God tries to save us and answer our prayers during troubled times by sending us a change of pace yet we ignore it and wait for something else to happen, stuck in the dark. Maybe just maybe God sent this quarantine to save us from ourselves yet because we didn’t like the way it came we remain drowning and begging for help. We hold onto negative and say no to the positive due to fear and having to look our problems in the face. It’s easier to ignore and blame then agree and change. During this time we shouldn’t be praying for things to go back to normal because if normal wasn’t working for us then how would it work for us now?
This quarantine is our spring cleaning time to finally open us those boxes of normalcy and take out things that don’t serve a purpose in our life anymore. You will feel so free after and even have space to let the new in. Some items we take out will be harder than others and that's when we need to call someone in to help. We aren’t made to do life alone so like me, if you need someone to help you get rid of a few boxes let them. Sometimes outsiders have a better view on what is helping us and what needs to be thrown away.

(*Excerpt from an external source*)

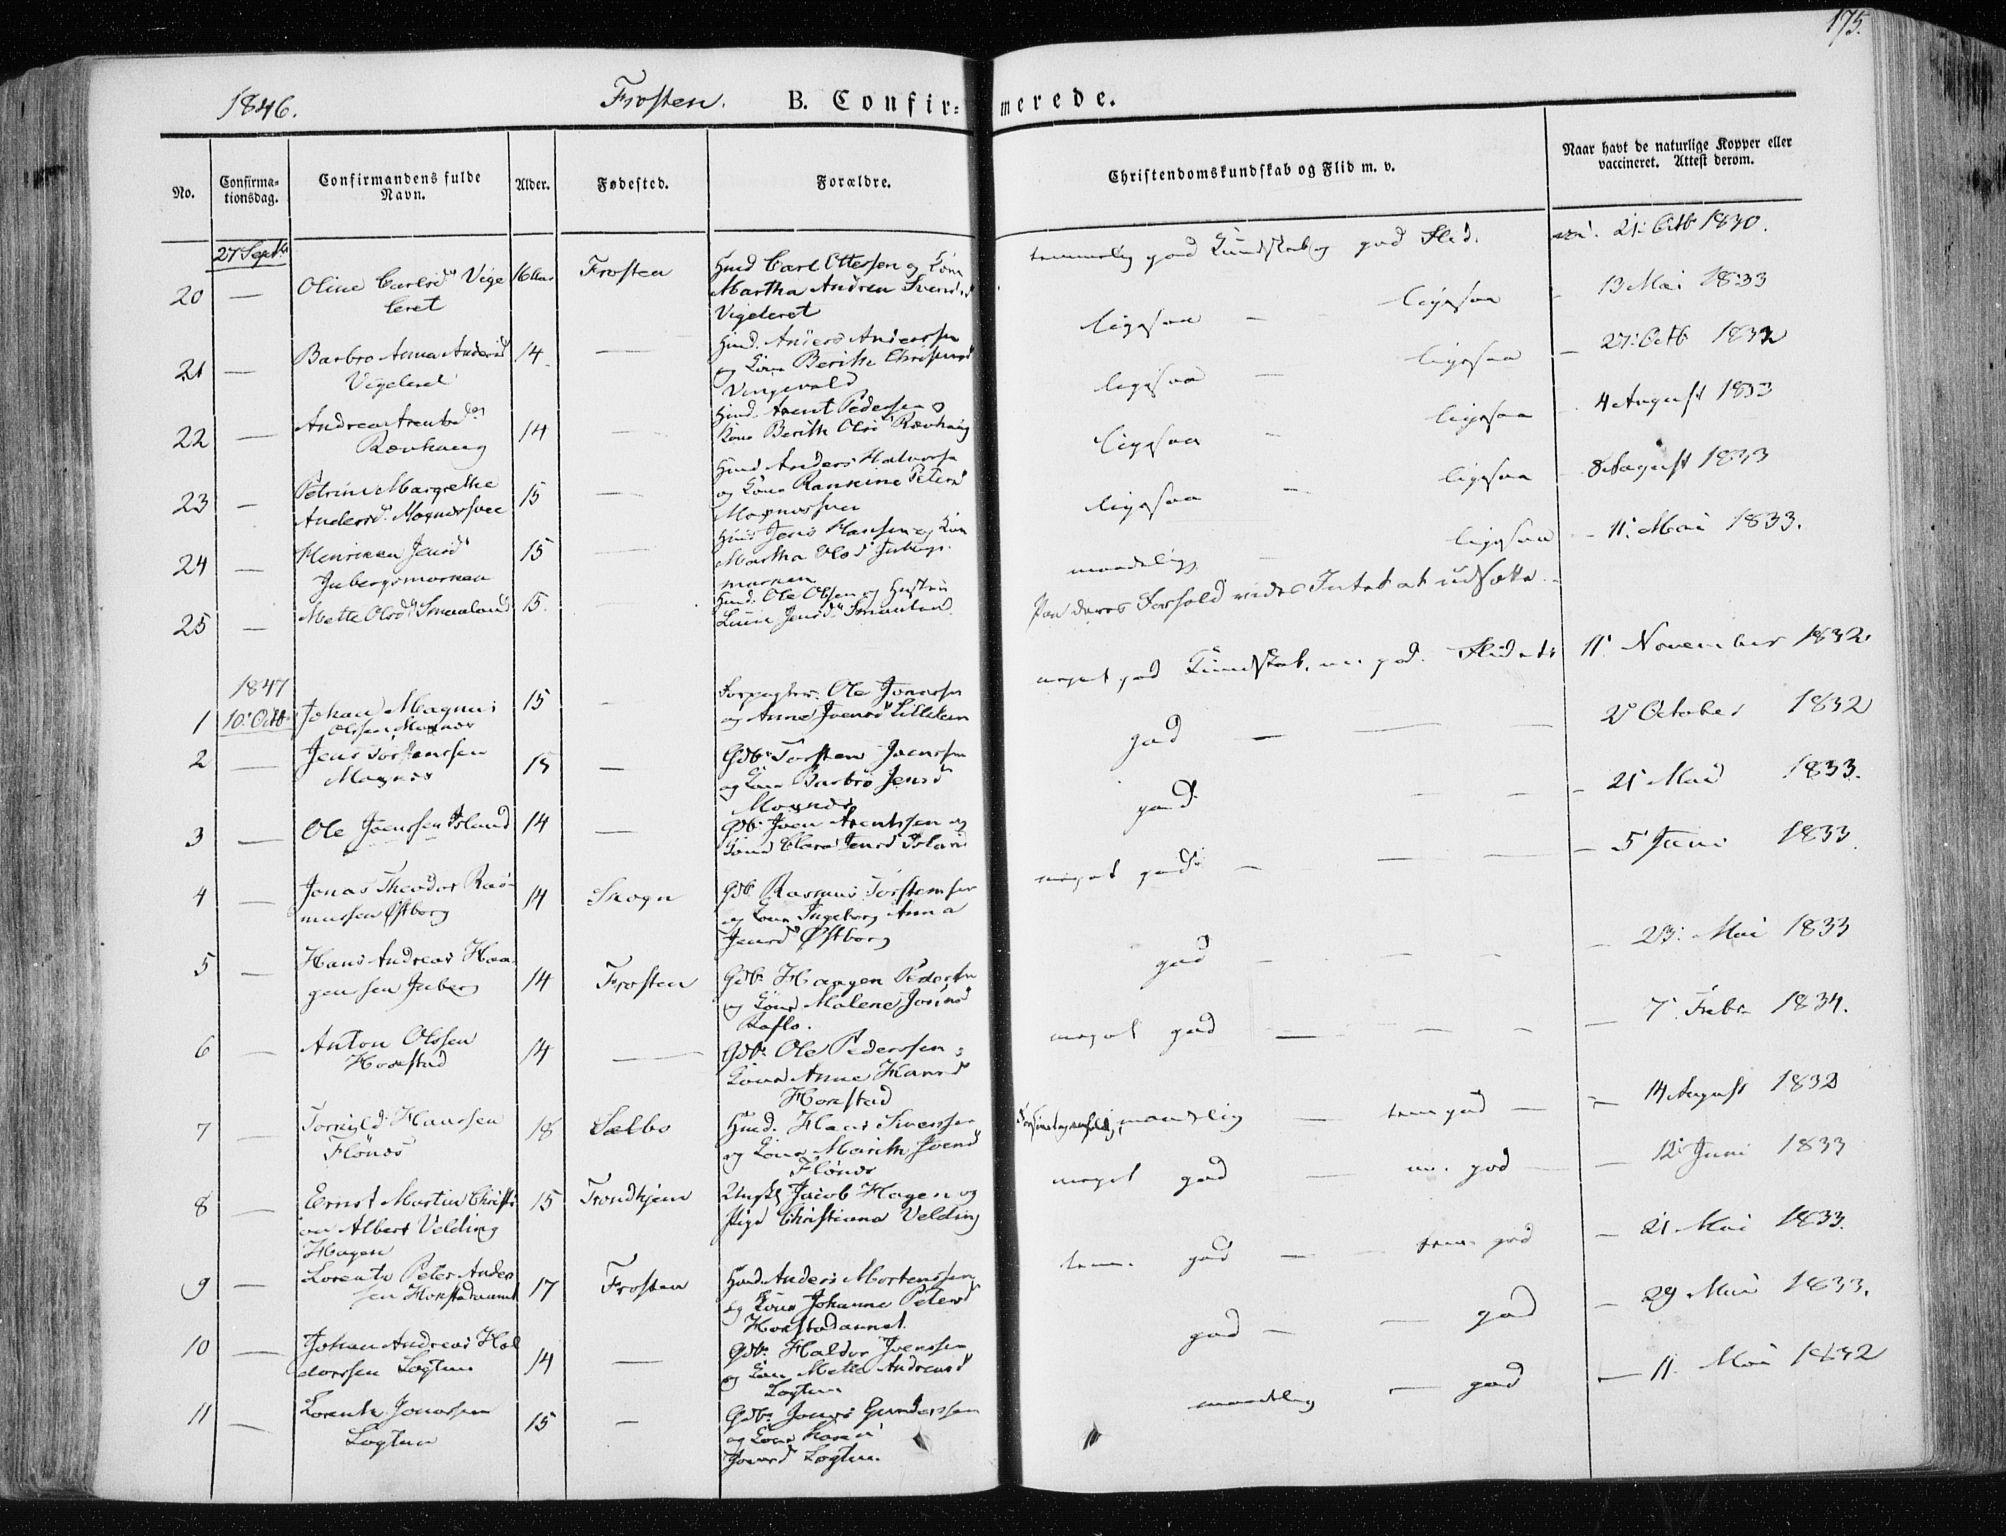 SAT, Ministerialprotokoller, klokkerbøker og fødselsregistre - Nord-Trøndelag, 713/L0115: Ministerialbok nr. 713A06, 1838-1851, s. 175
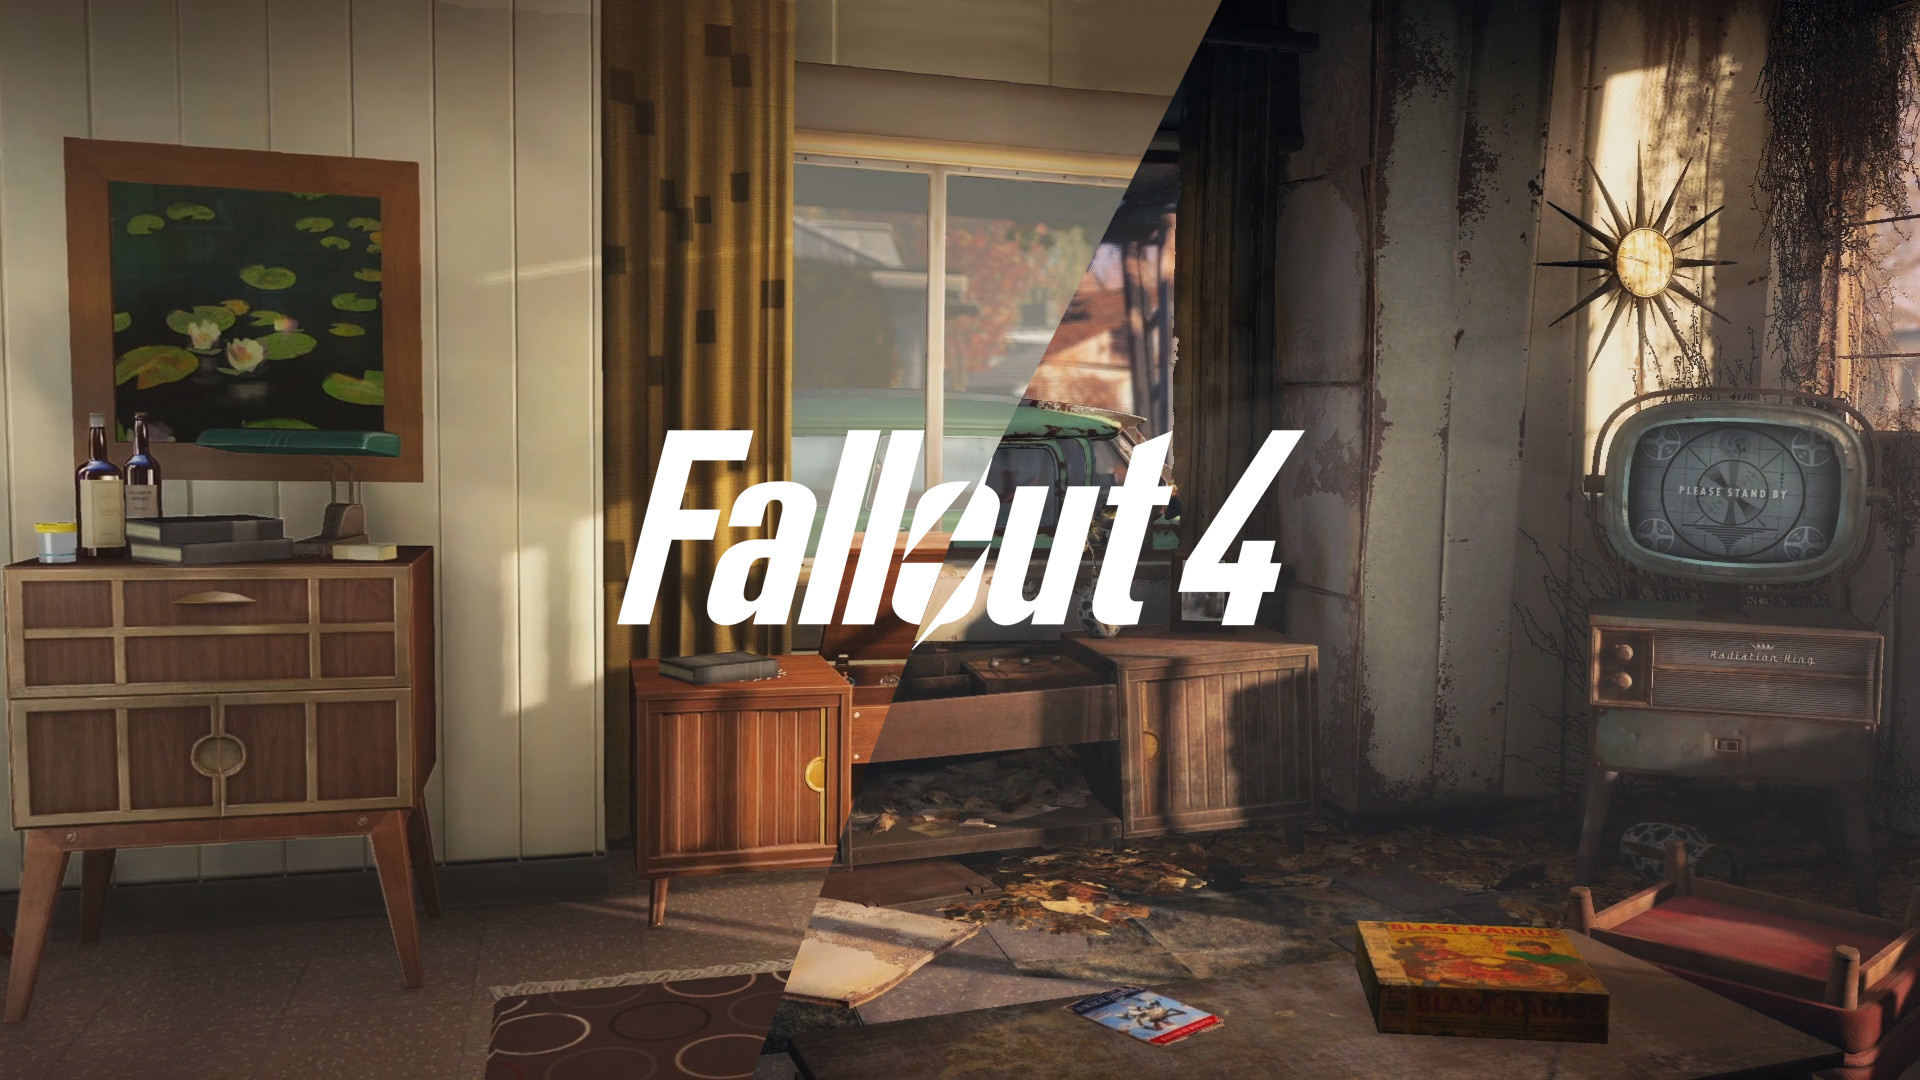 Fallout 4 Wallpaper 6702

Don’t pray to go back to the place you wanted to be delivered from. Don’t hold onto useless and painful things in order to remain comfortable. Don’t decline God’s invitation to help because you don’t like change. Use this time to open up those wounds and spend time on the things you allowed to collect dirt. Dust off the past and make room for the future. Go back to life, not the normal. We were sent this season for a reason so don’t chalk it up to ill fortune and not take time to start over. SET YOURSELF FREE FROM THE CHAINS YOU ARE CHOOSING TO STAY LOCKED UP IN. You can do this. Here is to the new normal of change and discomfort, vulnerability and strength, and allowing ourselves to break to rebuild. Each season starts with a step into it, allowing it to happen. God is sending us this quarantine, don't wait till heaven to realize it was your rescue boat out to freedom.